Overview | |
---|---|
Location | Hudson River and Midtown Manhattan |
Coordinates | 40°43′48″N 74°01′14″W / 40.7301°N 74.0205°W |
System | PATH |
Start | Christopher Street (underwater section) 33rd Street (full line) |
End | between Hoboken Terminal and Newport |
Operation | |
Constructed | 1874–1906 |
Opened | February 26, 1908 |
Operator | Port Authority of New York and New Jersey |
Traffic | Railroad |
Character | Underground |
Technical | |
Design engineer | Charles M. Jacobs |
Length | 5,650 ft (1,722 m) underwater 3 mi (4.8 km) total |
No. of tracks | 2 |
Track gauge | 4 ft 8+1⁄2 in (1,435 mm) standard gauge |
Electrified | Third rail, 600 V DC |
Tunnel clearance | 15.25 ft (4.65 m) diameter (southern tube) 18 ft (5.5 m) diameter (northern tube) |
Depth of tunnel below water level | 97 ft (29.57 m) below river level |
The Uptown Hudson Tubes are a pair of tunnels that carry PATH trains between Manhattan, New York City, to the east and Jersey City, New Jersey, to the west. The tubes originate at a junction of two PATH lines on the New Jersey shore and cross eastward under the Hudson River. On the Manhattan side, the tubes run mostly underneath Christopher Street and Sixth Avenue, making four intermediate stops before terminating at 33rd Street station. The tubes do not enter Uptown Manhattan; the name reflects their location north of the Downtown Hudson Tubes that connect Jersey City and the World Trade Center.

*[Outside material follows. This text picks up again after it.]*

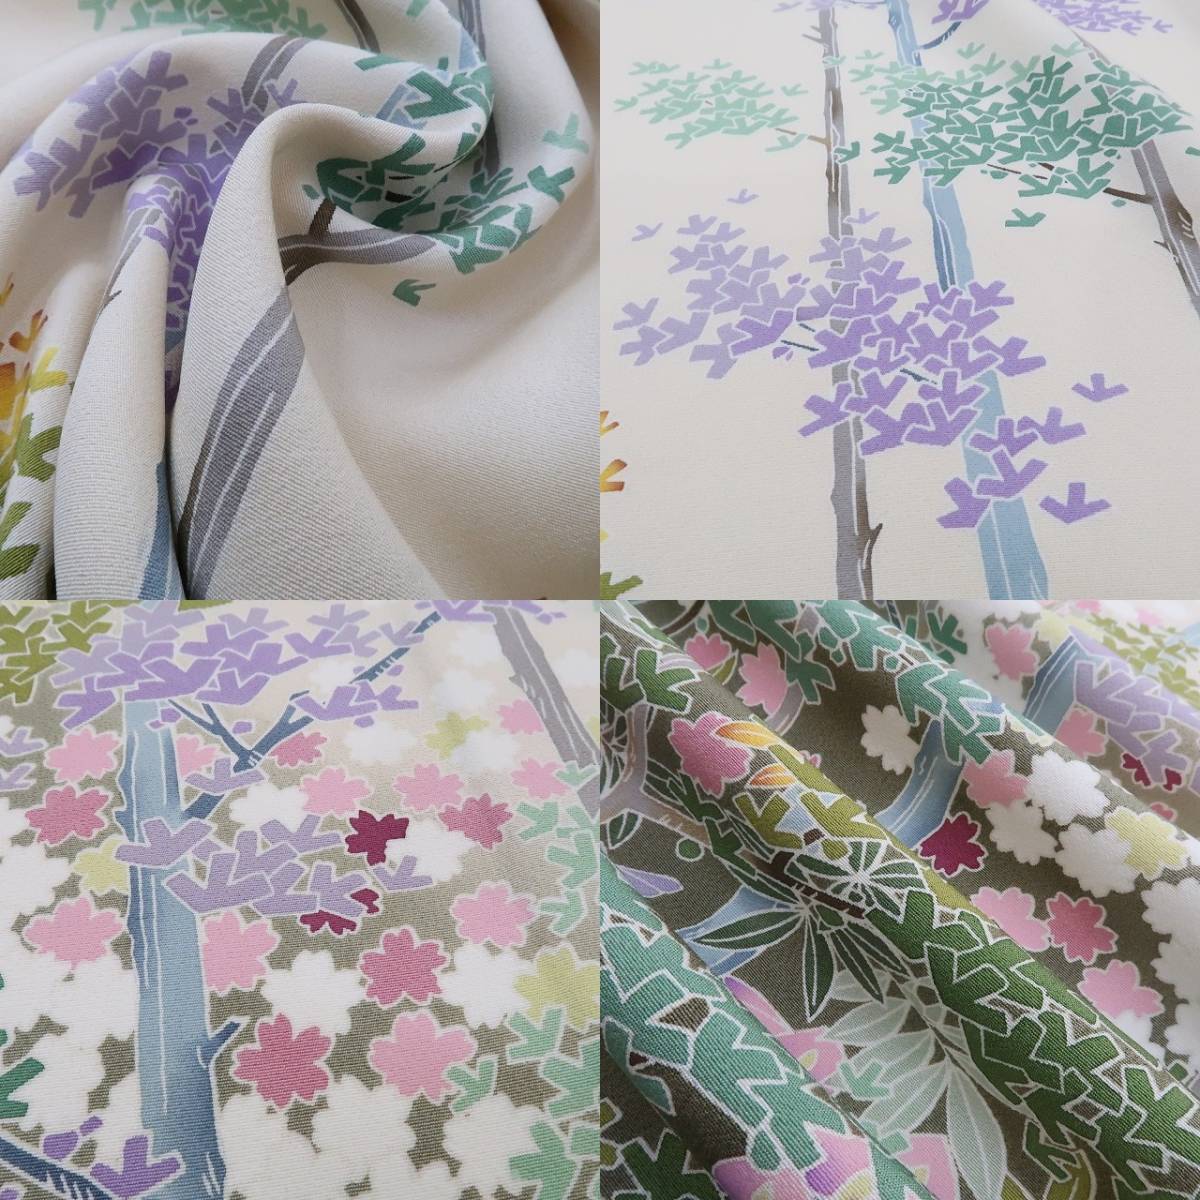 yu.saku2 новый товар. .. магазин качественный продукт рука .... автор предмет .. кимоно . установка нить есть *.. как цветок открывать Sakura . глициния бамбук . весна день .. как хороший сезон ~ выходной костюм 2868
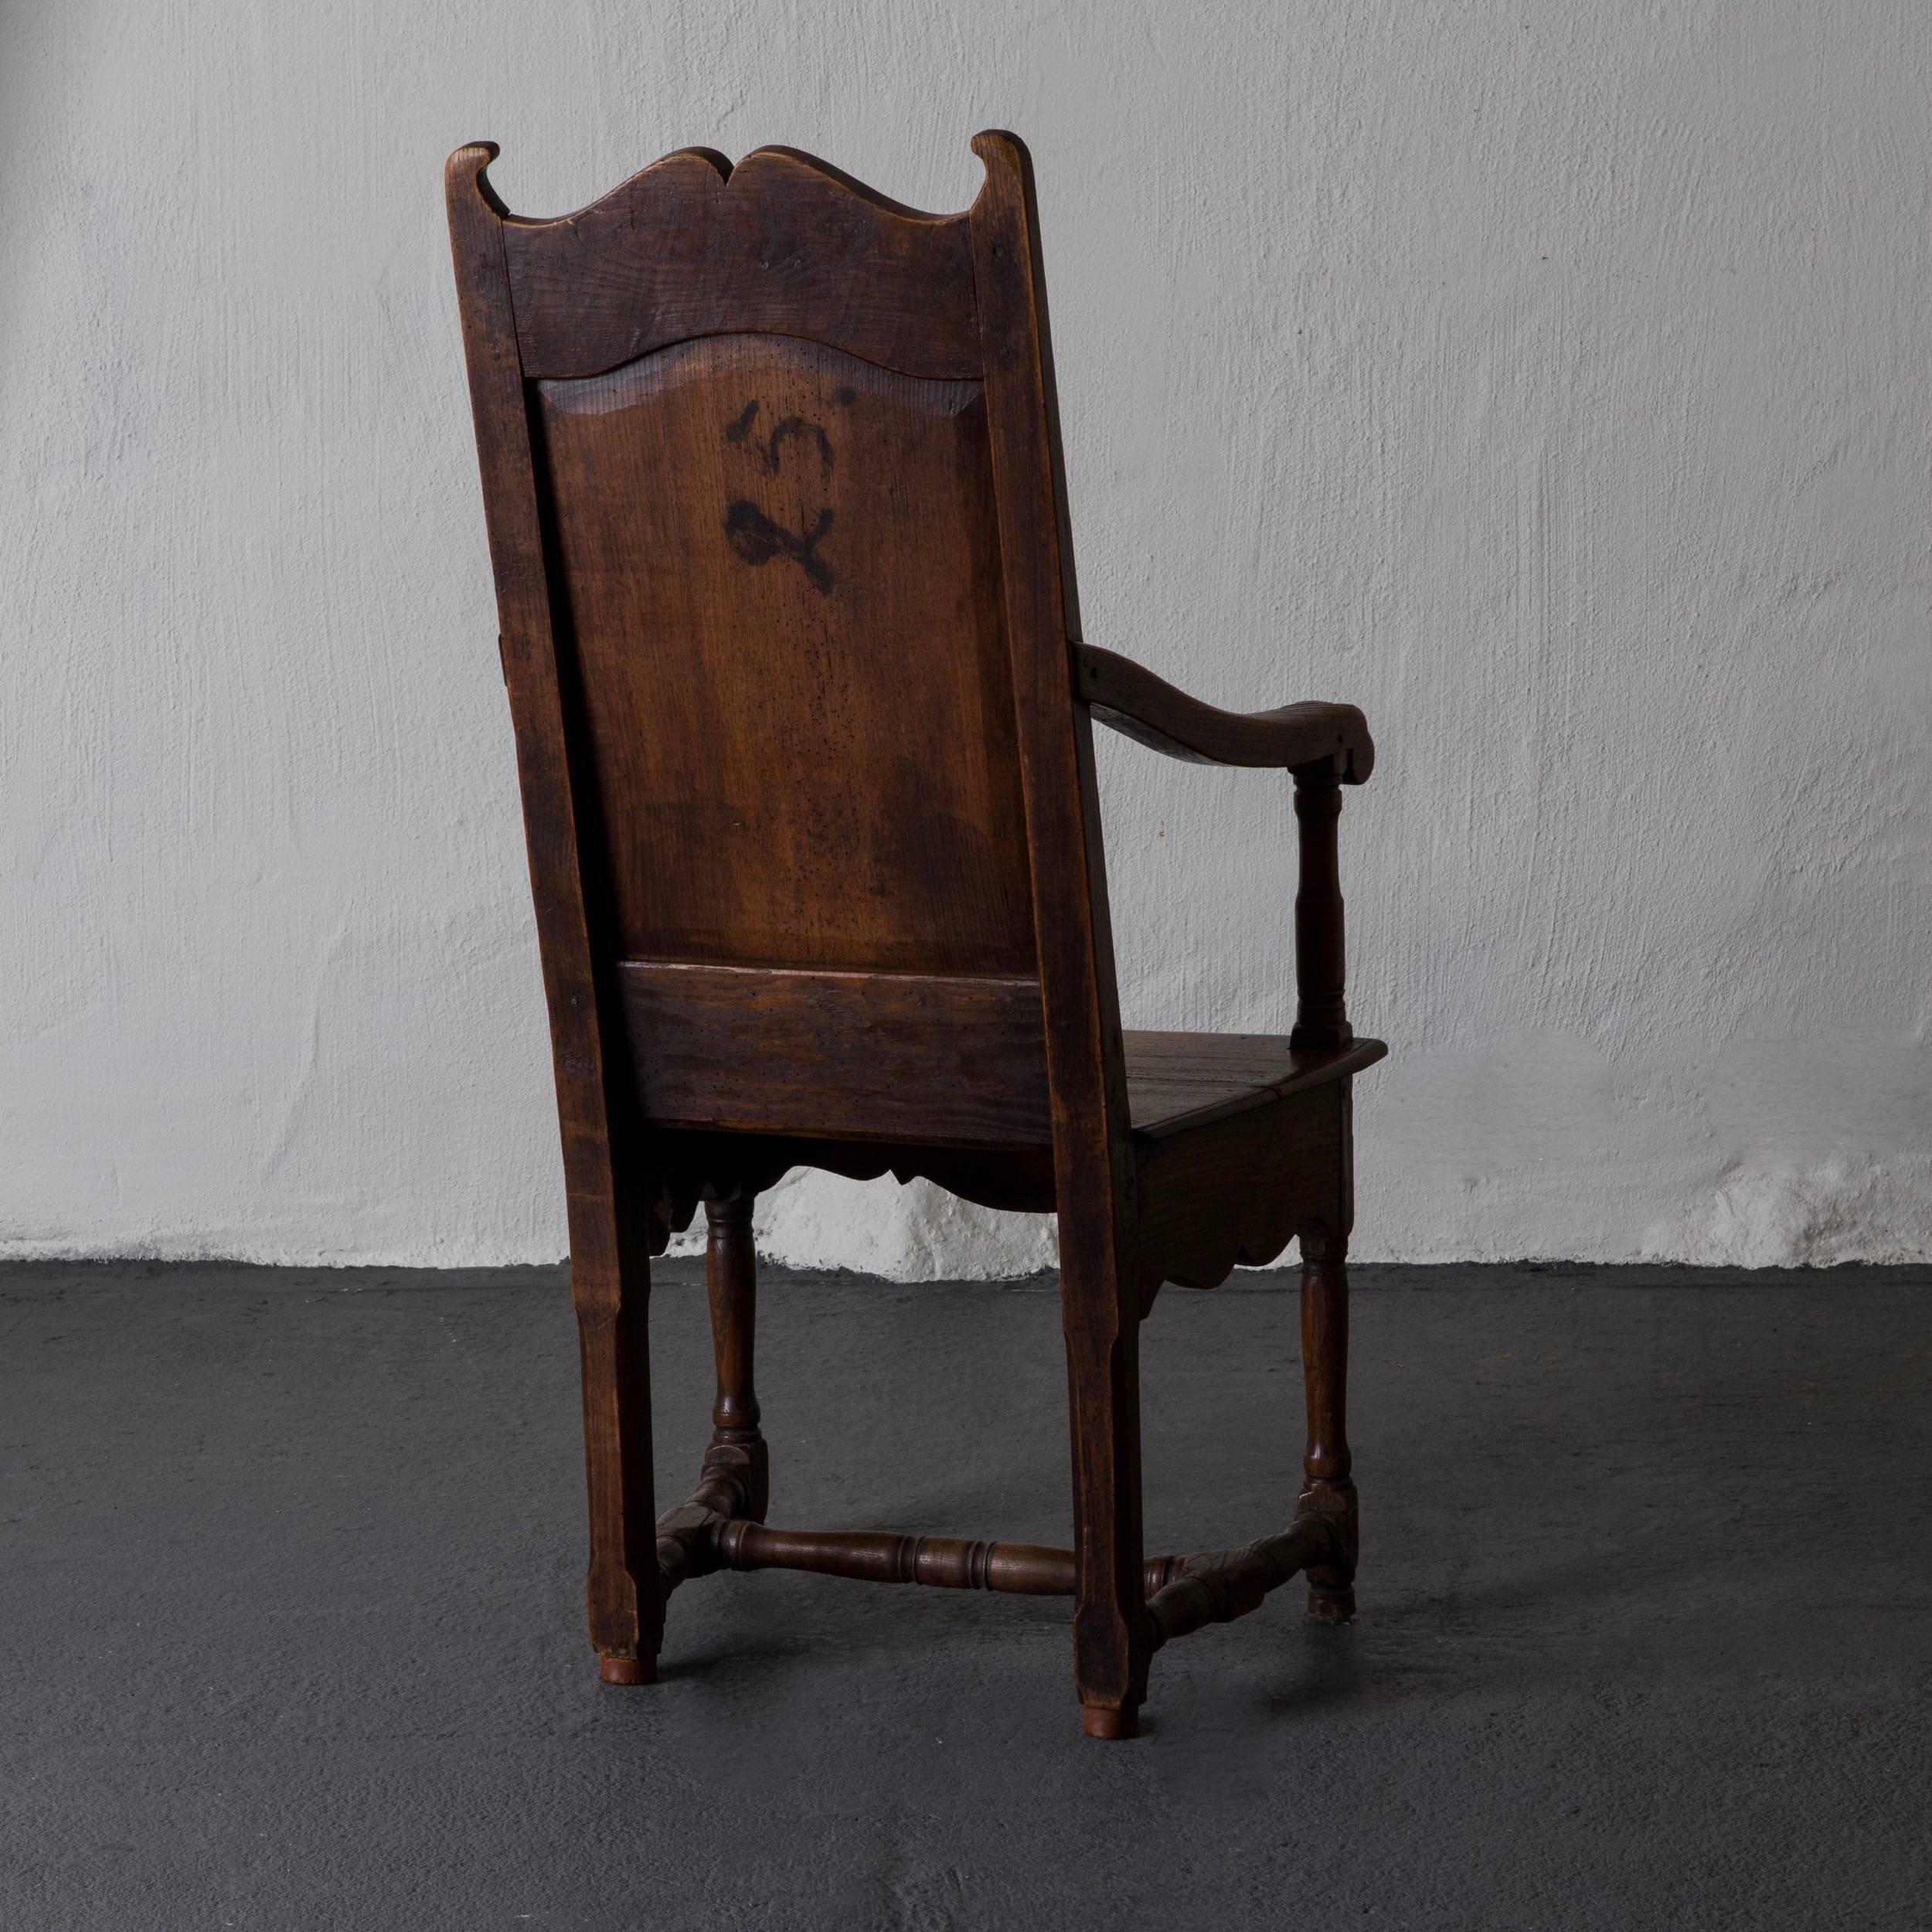 Ein Sessel aus dem späten Barock im 18. Jahrhundert in Südeuropa, wahrscheinlich in Spanien. Rahmen aus Eichenholz in Originalausführung.

Dewitt Clinton Haskin first attempted to construct the Uptown Hudson Tubes in 1873. Work was delayed by five years by a lawsuit, and was further disrupted by an 1880 accident that killed twenty workers. The project was canceled in 1883 due to a lack of money. A British company attempted to complete the tunnels in 1888, but also ran out of money by 1892, by which point the tunnels were nearly half-finished. In 1901, a company formed by William Gibbs McAdoo resumed work on the tubes, and by 1907, the tunnels were fully bored. The Uptown Hudson Tubes opened to passenger service in 1908 as part of the Hudson & Manhattan Railroad (H&M) and were completed by 1910.
After the Uptown Hudson Tubes' opening, the H&M proposed extending them northward to Grand Central Terminal, as well as creating a crosstown spur line that would run under Ninth Street in Manhattan. However, neither extension was ultimately constructed. In the 1930s, parts of the tubes under Sixth Avenue were rebuilt due to the construction of the Independent Subway System (IND)'s Sixth Avenue Line. The Uptown Hudson Tubes contained seven original stations; two stations at 19th and 28th streets were later closed and the 33rd Street terminal was rebuilt. The Port Authority of New York and New Jersey took over the H&M and the tunnels in 1962, rebranding the H&M as part of the PATH system. The Hoboken–33rd Street and Journal Square–33rd Street services operate through the tubes on weekdays, while the Journal Square–33rd Street (via Hoboken) service operates on weekends, nights, and holidays.